Modeling Die Swell of Second-Order Fluids Using Smoothed Particle Hydrodynamics

Abstract

This work presents the development of a weakly compressible smoothed particle hydrodynamics (WCSPH) model for simulating two-dimensional transient viscoelastic free surface flow which has extensive applications in polymer processing industries. As an illustration for the capability of the model, the extrudate or die swell behaviors of second-order and Olyroyd-B polymeric fluids are studied. A systematic study has been carried out to compare constitutive models for second-order fluids available in literature in terms of their ability to capture the physics behind the swelling phenomenon.

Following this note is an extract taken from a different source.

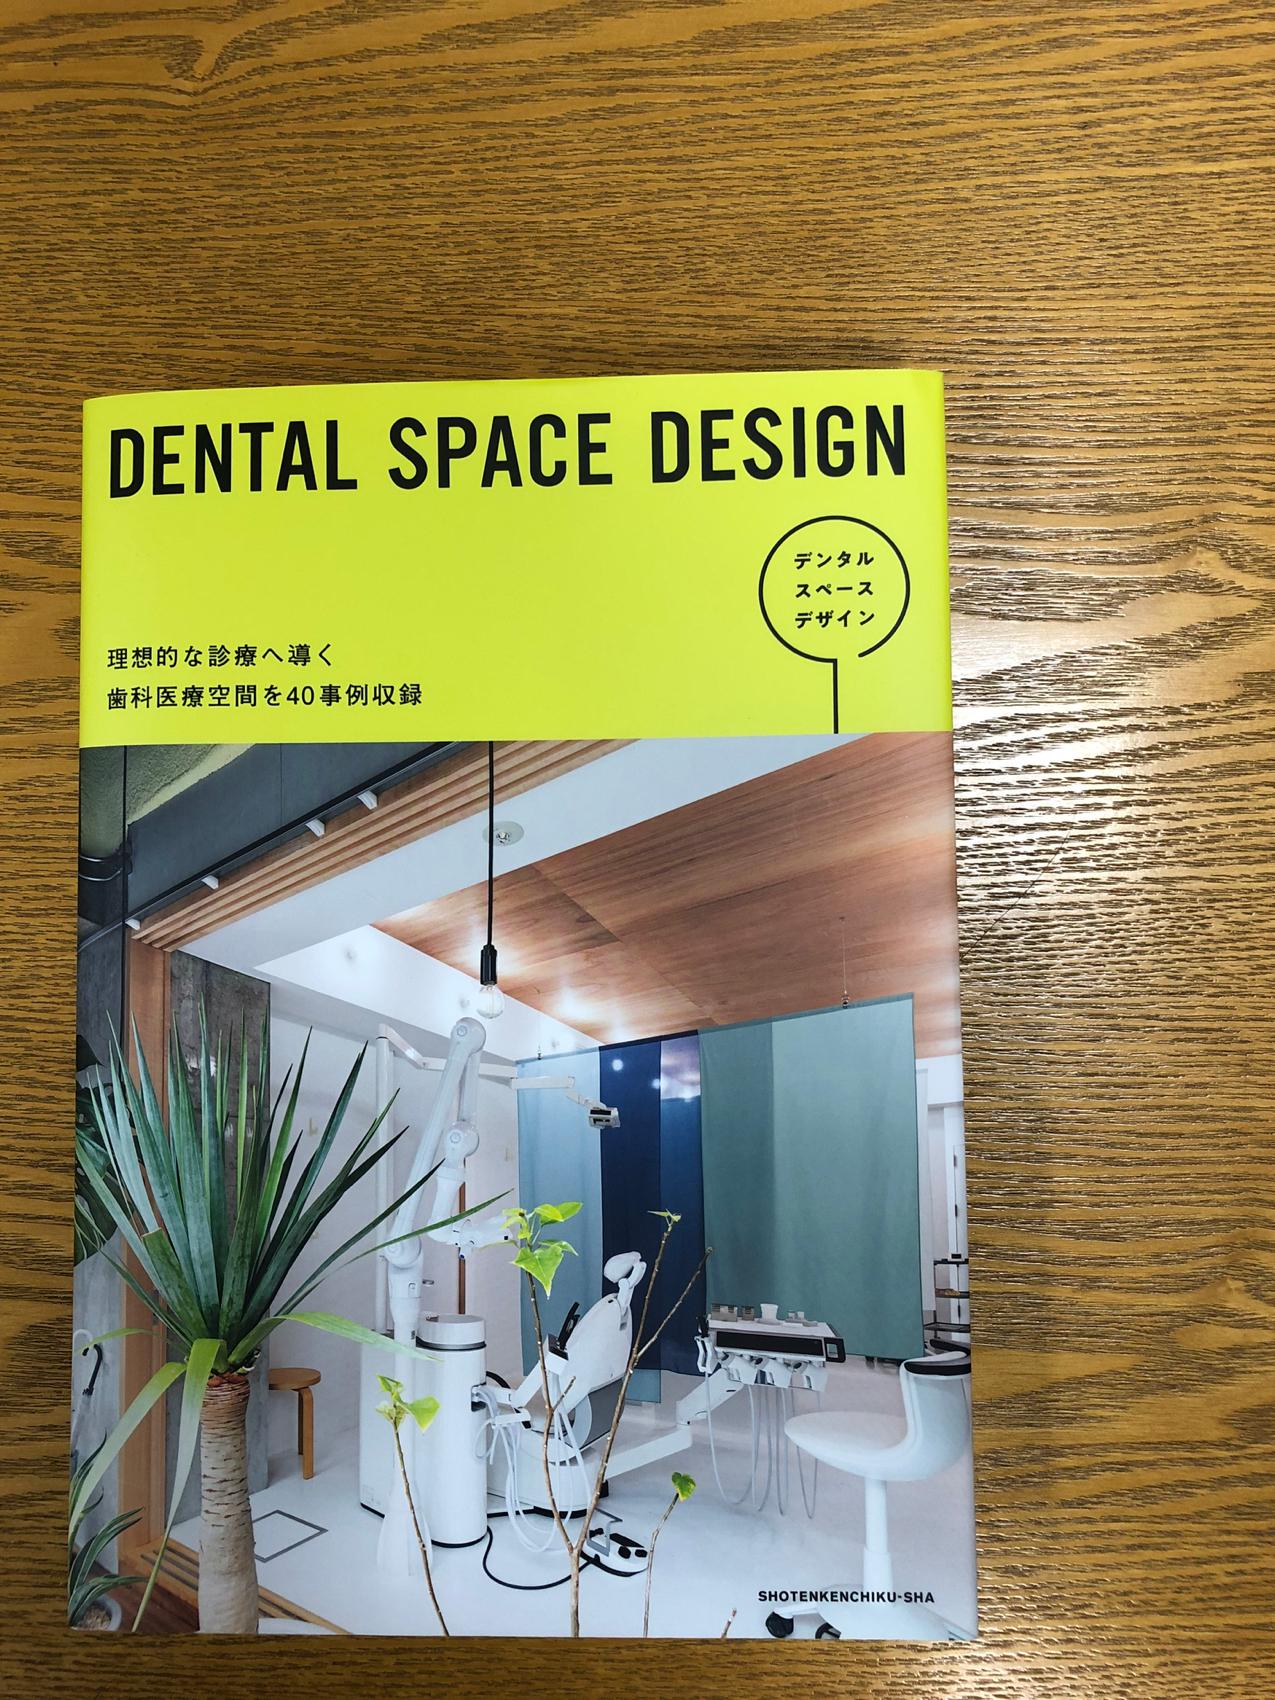 「DENTAL SPACE DESIGN」に「つつい歯科」を掲載頂きました。

The effects of various process and rheological parameters on the die swell such as the extrusion velocity, normal stress coefficients, and Reynolds and Deborah numbers have also been investigated. The models developed here can predict both swelling and contraction of the extrudate successfully. The die swell of a second-order fluid was solved for a wide range of Deborah numbers and for two different Reynolds numbers. The numerical approach was validated through the solution of fully developed Newtonian and non-Newtonian viscoelastic flows in a two-dimensional channel as well as modeling the die swell of a Newtonian fluid. The results of these three benchmark problems were compared with analytic solutions and numerical results in literature when pertinent, and good agreements were obtained.